On-Site Retargeting Strategy: The Essential Checklist

If you operate an online business, your main objective is to convert website visitors into customers or subscribers. However, excellent site design, a responsive interface, and even your top products can fail to bring the expected results. The truth is, most visitors need multiple touch points and nudges to reach the end of your marketing funnel. The foundation of an effective and conversion-driving site is user engagement.

But how can you grab your visitor’s attention, keep them on the site, and lead them to take the action you expect? This is where on-site retargeting tool comes into play. This marketing strategy, also called on-site remarketing, helps you re-engage with visitors. This consequently boosts conversions. In this post, we’ll provide you with a practical checklist for designing a campaign that will ease your marketing efforts as you reach your business objectives.
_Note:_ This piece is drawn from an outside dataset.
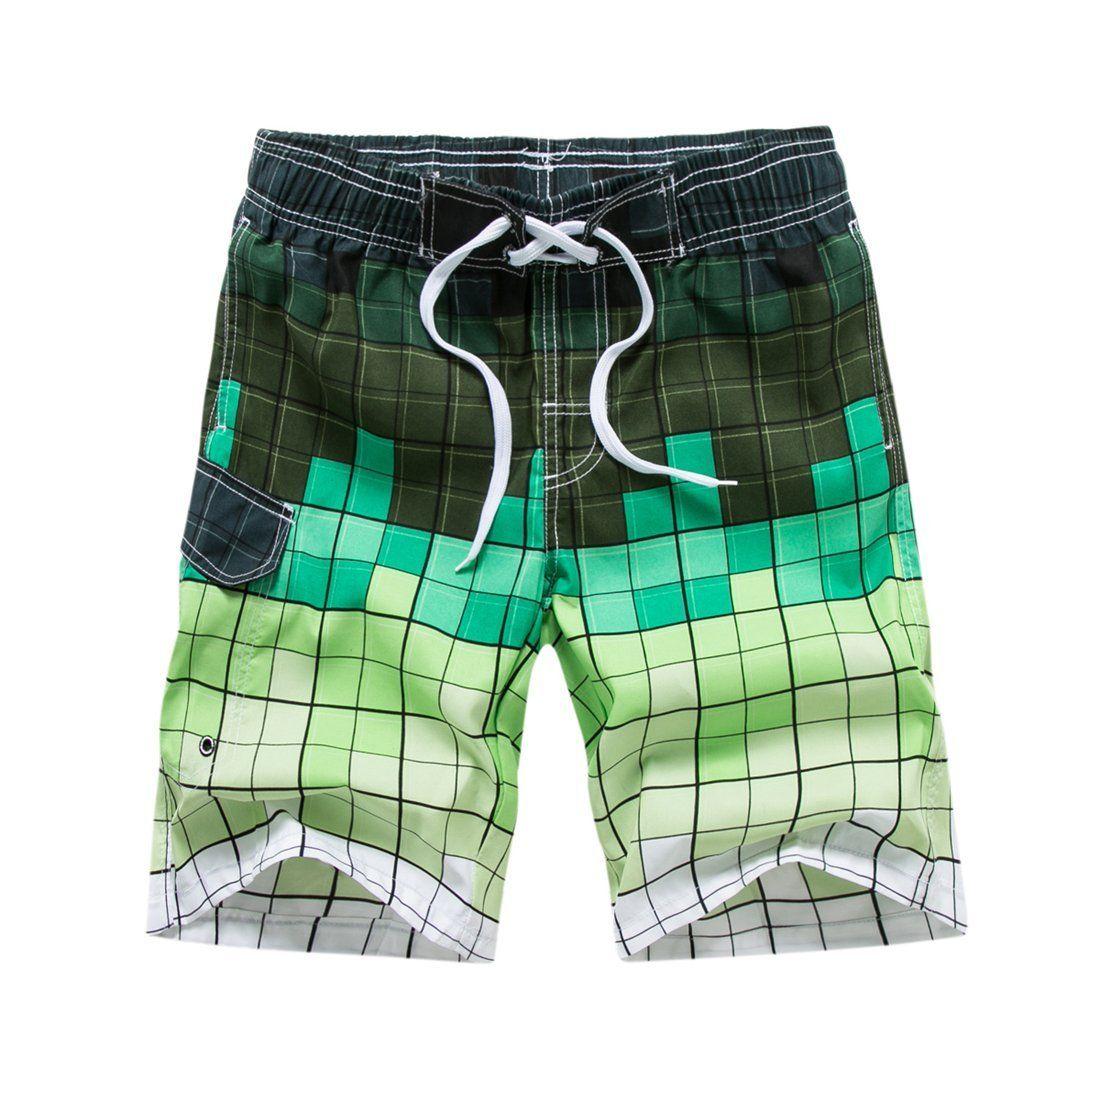 Big Hit Mens Summer Board Shorts Quick Dry Elastic Waist Swim Trunks

Step 1. Know your funnel and identify leaks

First, get your conversion funnel in place. Fill it with traffic, then closely observe and analyze the flow inside it. You need to find what’s causing leaks. In practice, this means continuing analysis of key metrics at every step. Depending on your business, you can have a B2B model that looks like one of these:

  • Visitor to Lead
  • Lead-to-Marketing Qualified Lead
  • Marketing Qualified Lead-to-Sales Qualified Lead
  • Sales Qualified Lead-to-Customer
  • Lead-to-Customer

And if you operate in the e-commerce business, the stages will be different:

  • Product page
  • Shopping cart
  • Delivery and payment
  • Completed purchase

No matter what your funnel is, you need to classify visitors correctly, assigning them to the right stage. Then you collect the data from each level, dive into your web analytics, CRM to get the insights on customer’s behavior. Finally, you integrate all the information into a comprehensive report to see how much traffic you’re losing at each stage. Analyze conversion pages and your traffic sources, like organic, social media, and AdWords.
To get the full picture, your report should include a quantitative analysis of pages with details on:

  • Figures from analytics
  • Bounce rates
  • Entries/exits
  • Conversions

However, numbers aren’t everything. You should also include qualitative analysis of session recordings, heat maps and surveys. Session replays and heat maps reveal conversion blockers affecting both individual visitors and segmented audiences as a whole.
In this context, the key metrics you need to take into account are the number of visitors at each step of the funnel, conversion percentage, and bounce rate.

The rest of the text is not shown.